**Work task**
Starting at the line with "Select Row icon" and ending at the line with "Sir Joseph Banks Hotel Exterior", print exactly the lines of the entries below. Pictures do not belong in the copy.

**Working data**

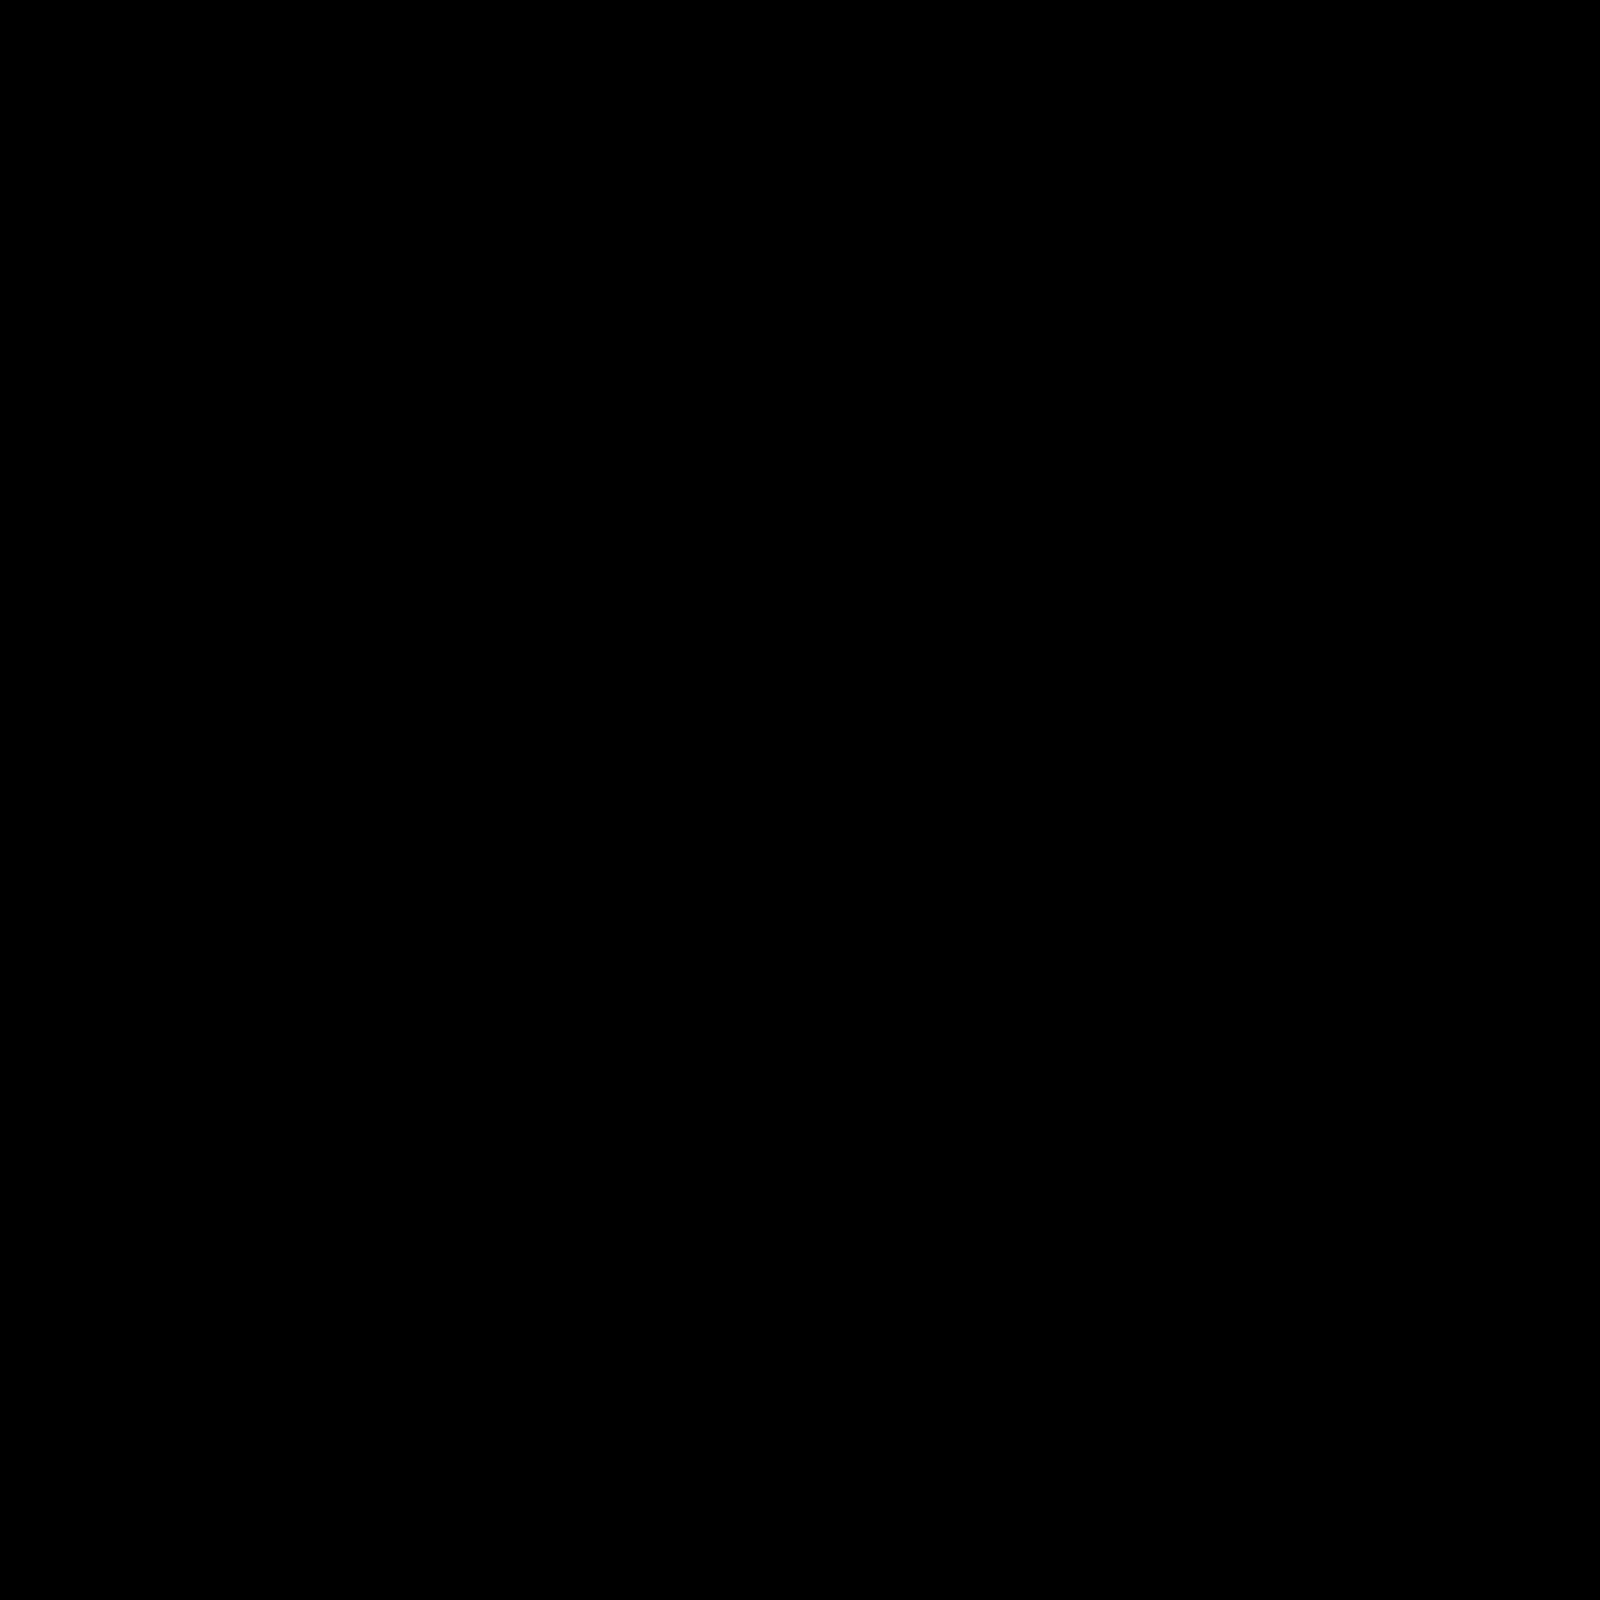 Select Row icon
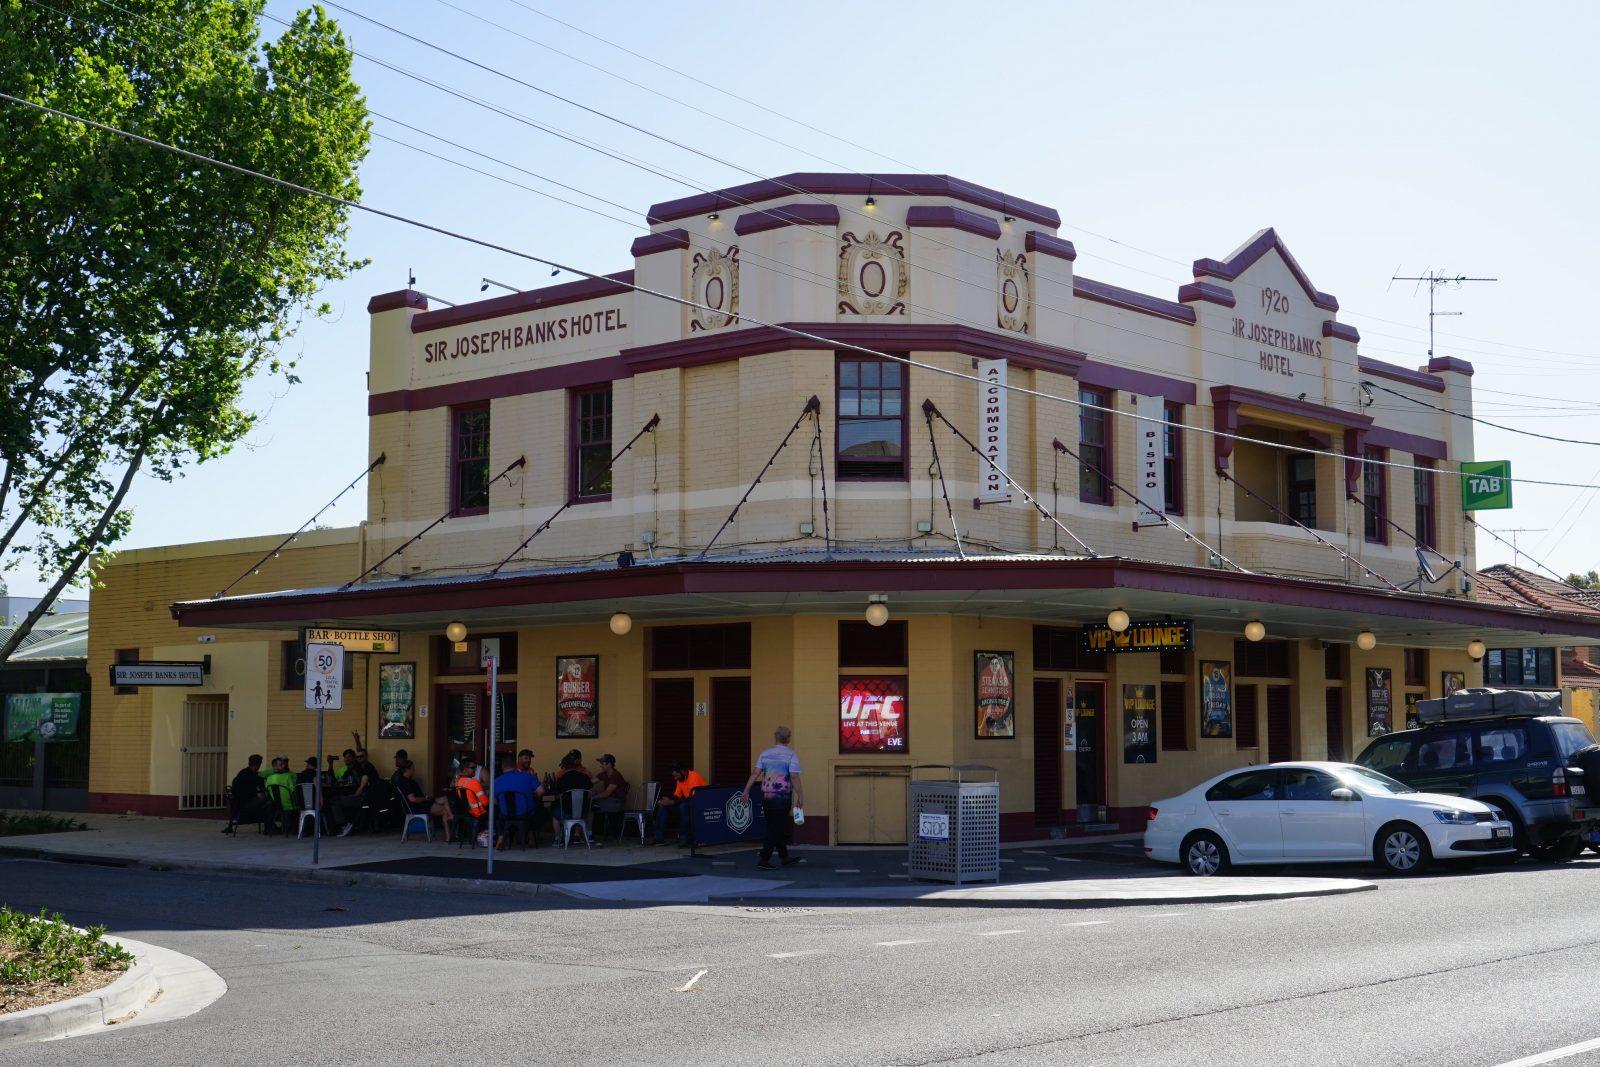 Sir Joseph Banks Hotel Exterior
* * *
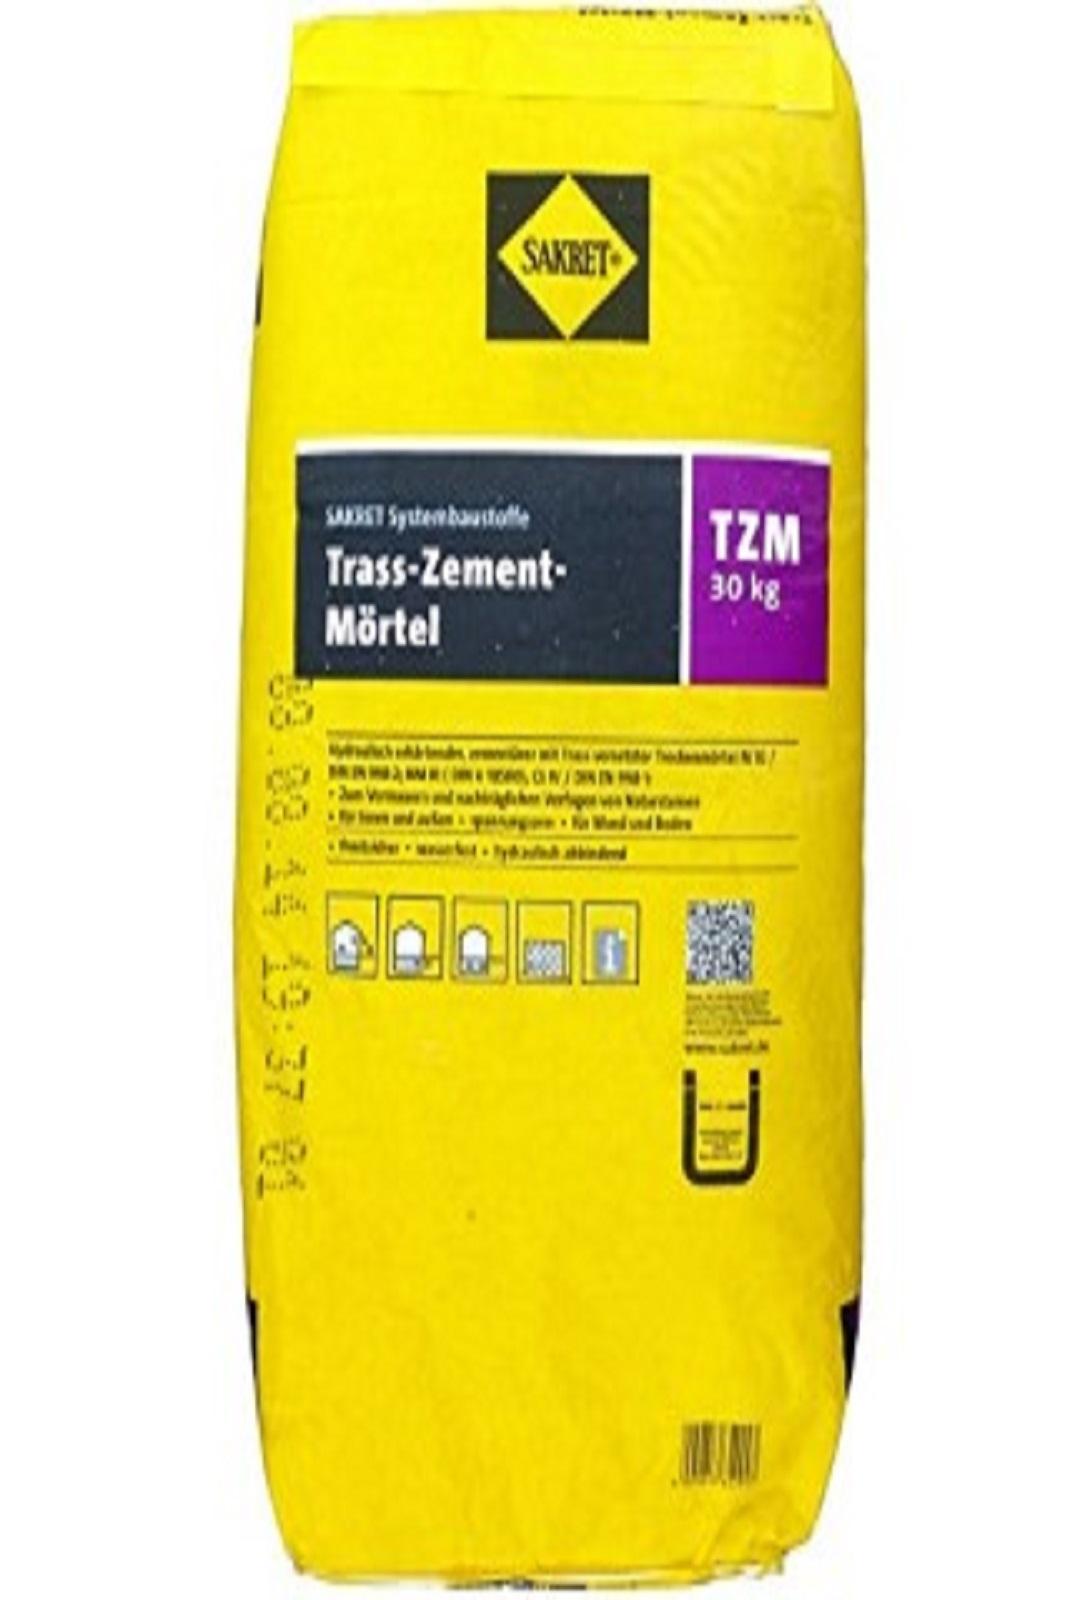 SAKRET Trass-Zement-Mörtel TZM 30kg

**Completed exercise**
 Select Row icon
 Sir Joseph Banks Hotel Exterior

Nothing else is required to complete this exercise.